------ Provided material

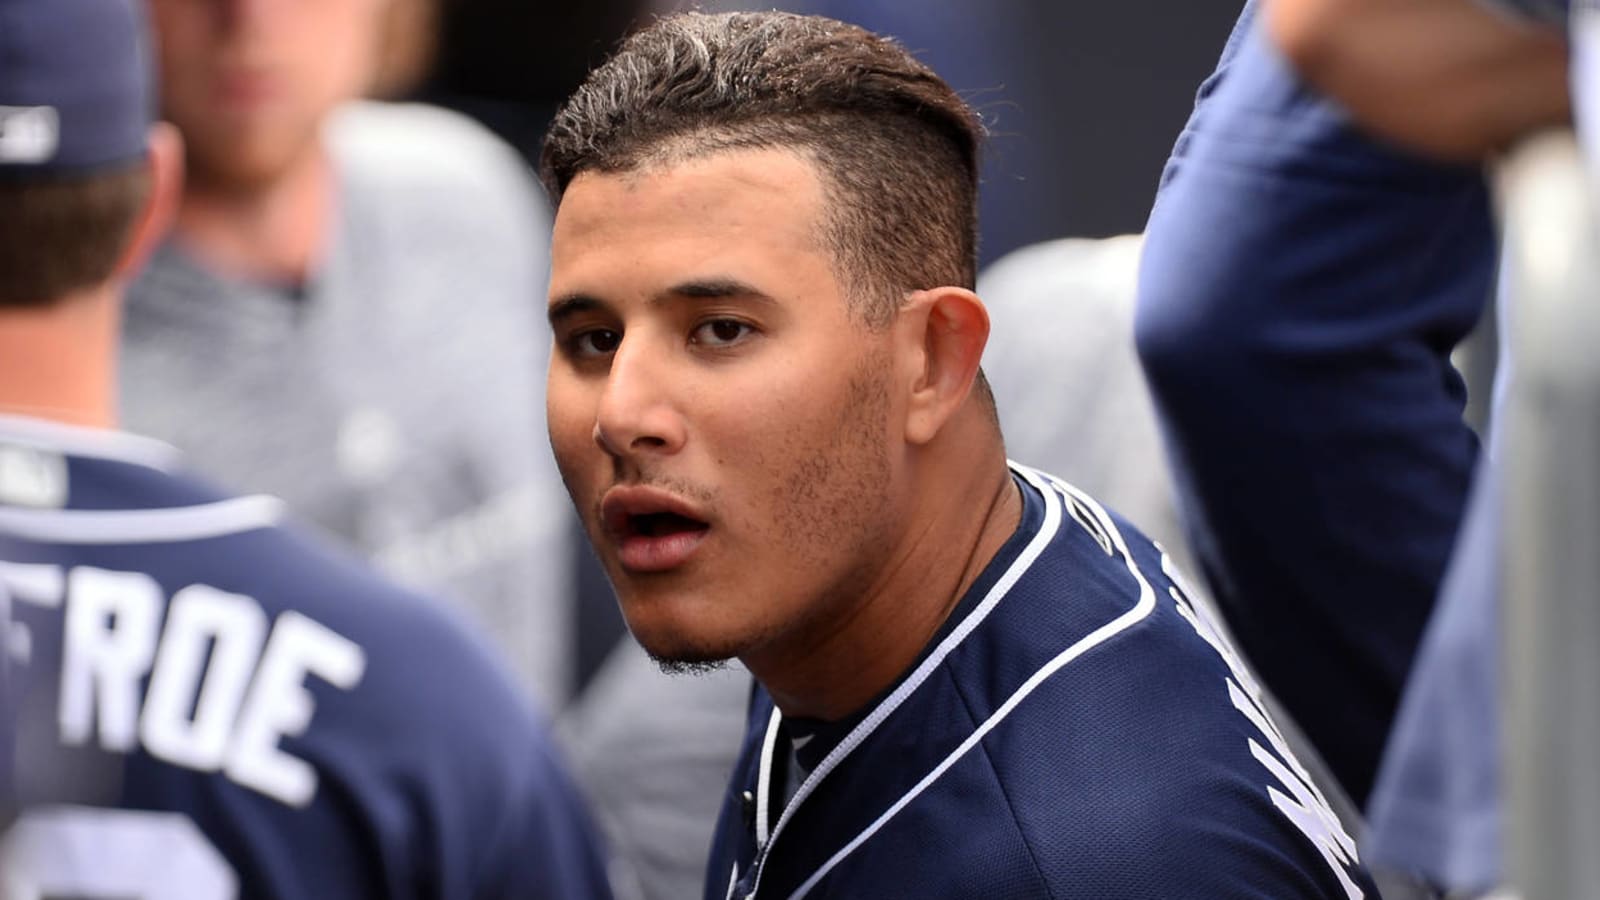 Manny Machado knows he’s seen as a 'villain' after doing 'some dumb things'
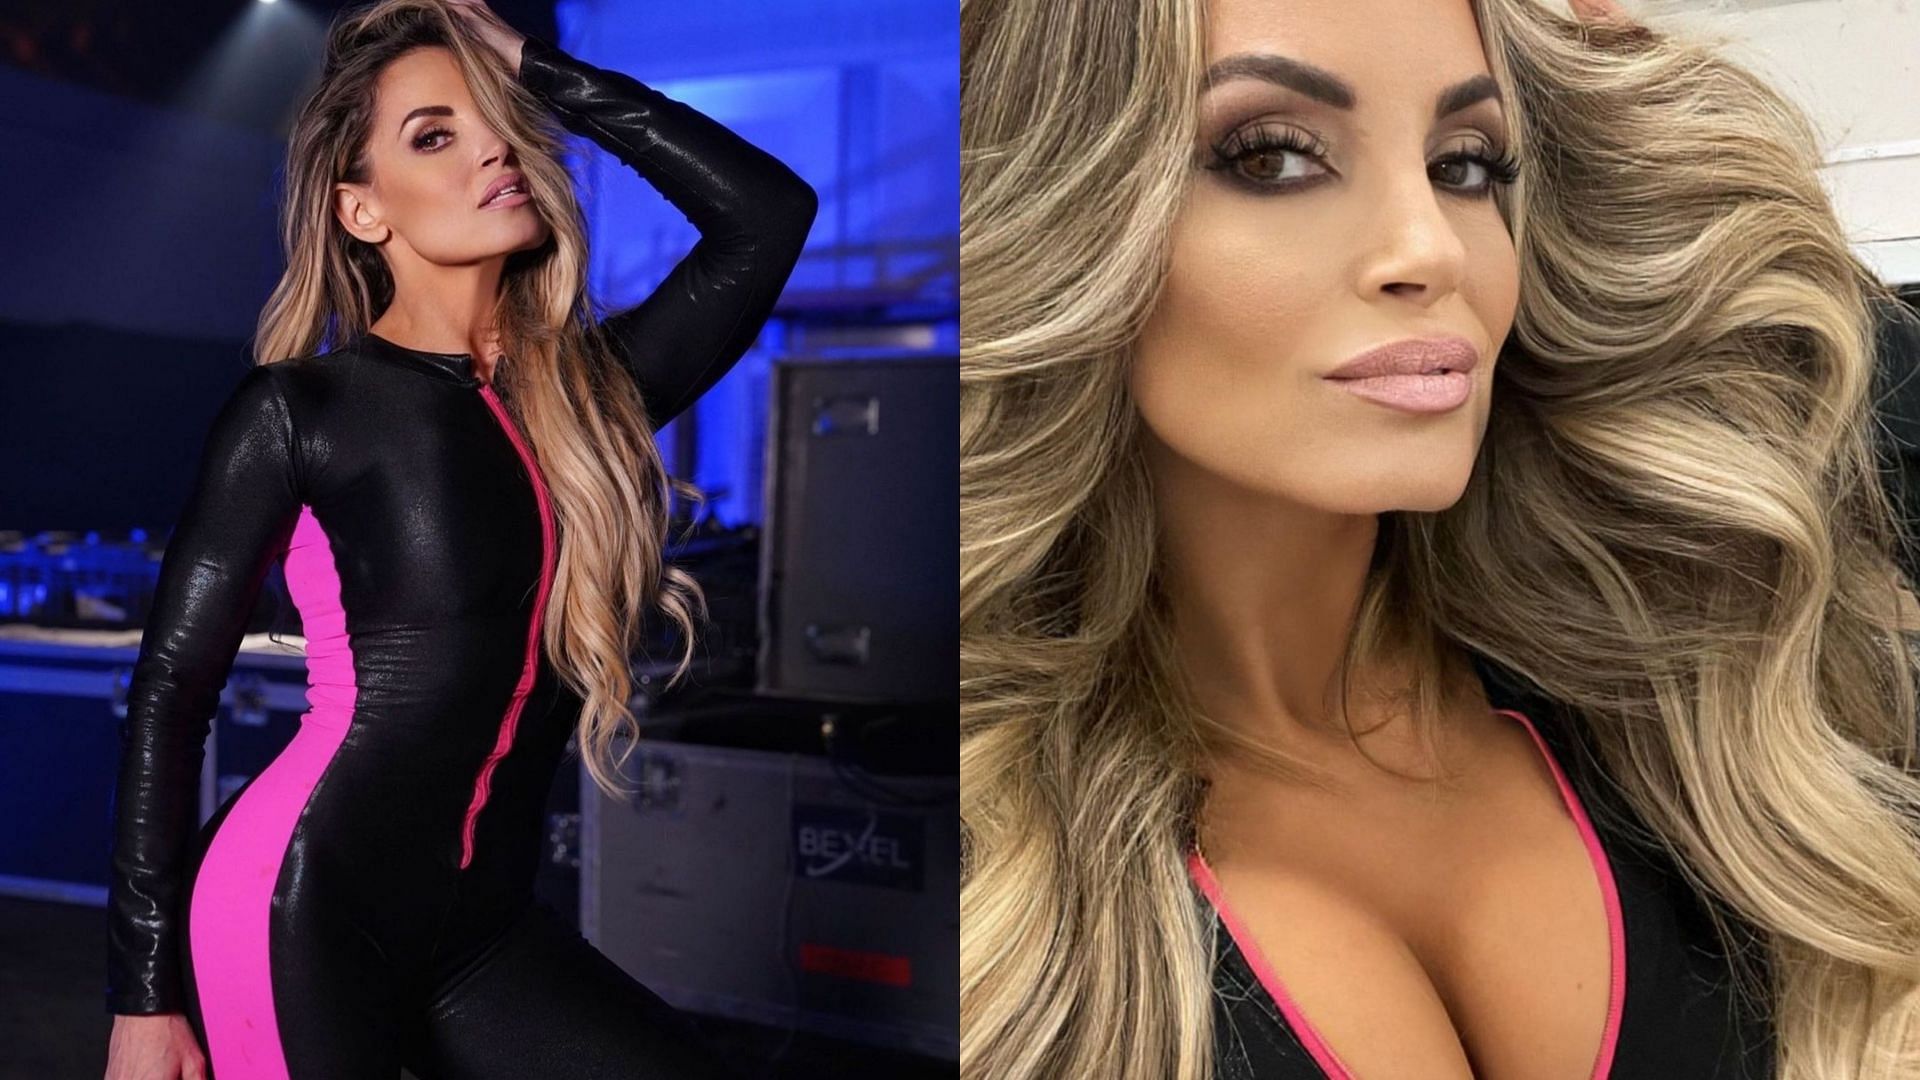 WWE Hall of Famer Trish Stratus is currently active on RAW
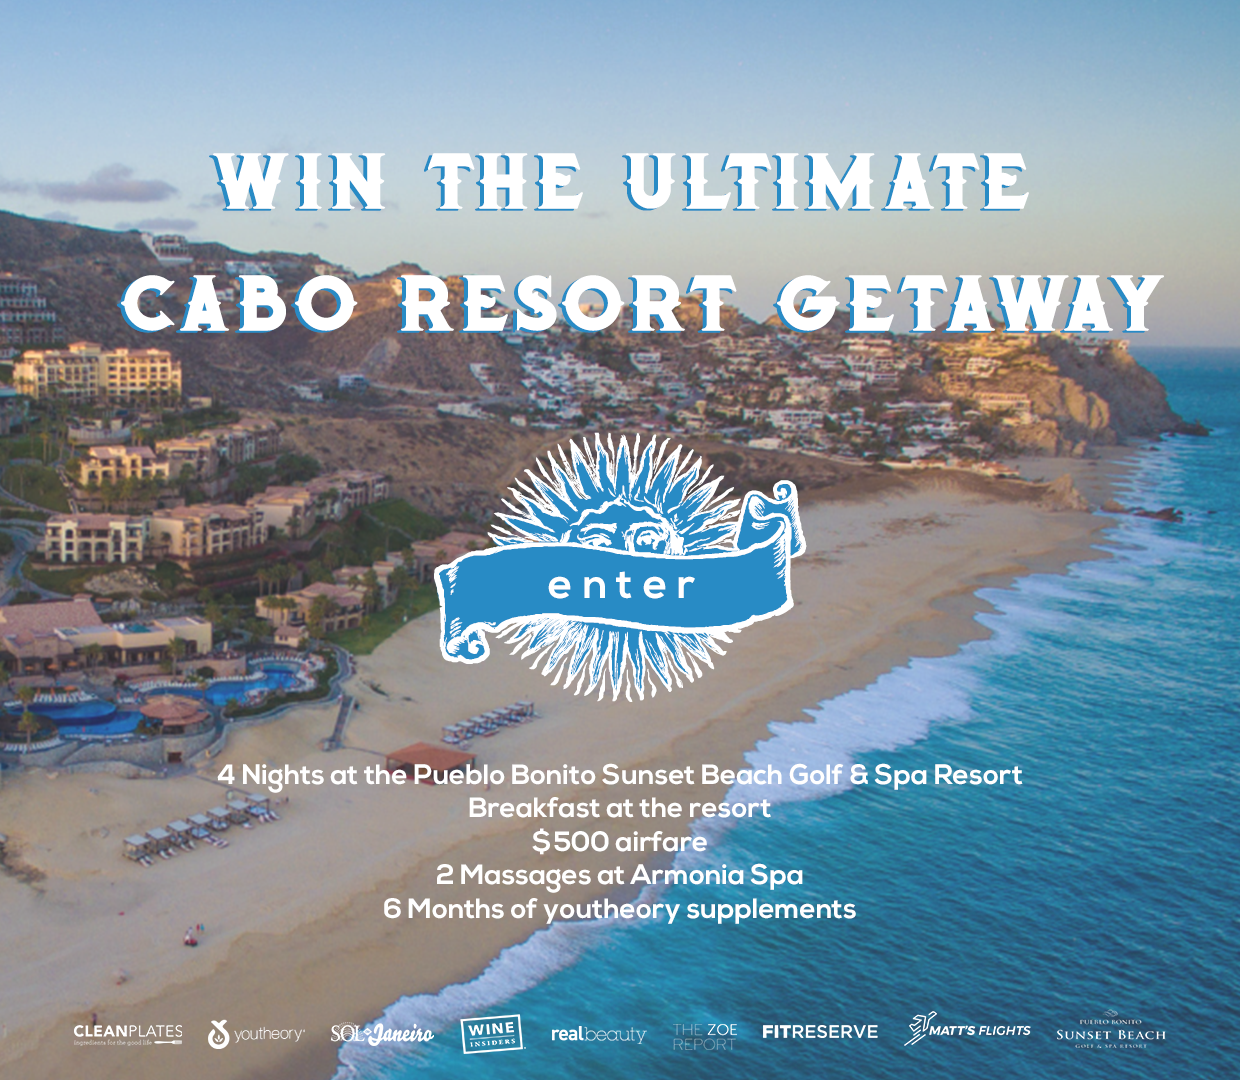 Win the Ultimate Beach, Golf & Spa Cabo Getaway! Enter for a chance to win four nights for two at the Pueblo Bonito Sunset Beach Golf & Spa Resort, $500 airfare credit, two 50-minute massages at Armonia Spa, daily breakfast at the Resort, a $300 Sol de Janeiro gift card, and a 6-month supply of Youtheory supplements!

------------

Task requirements. Write the listing out exactly, word for word, but omit the pictures.

Task response.
 Manny Machado knows he’s seen as a 'villain' after doing 'some dumb things'
 WWE Hall of Famer Trish Stratus is currently active on RAW
 Win the Ultimate Beach, Golf & Spa Cabo Getaway! Enter for a chance to win four nights for two at the Pueblo Bonito Sunset Beach Golf & Spa Resort, $500 airfare credit, two 50-minute massages at Armonia Spa, daily breakfast at the Resort, a $300 Sol de Janeiro gift card, and a 6-month supply of Youtheory supplements!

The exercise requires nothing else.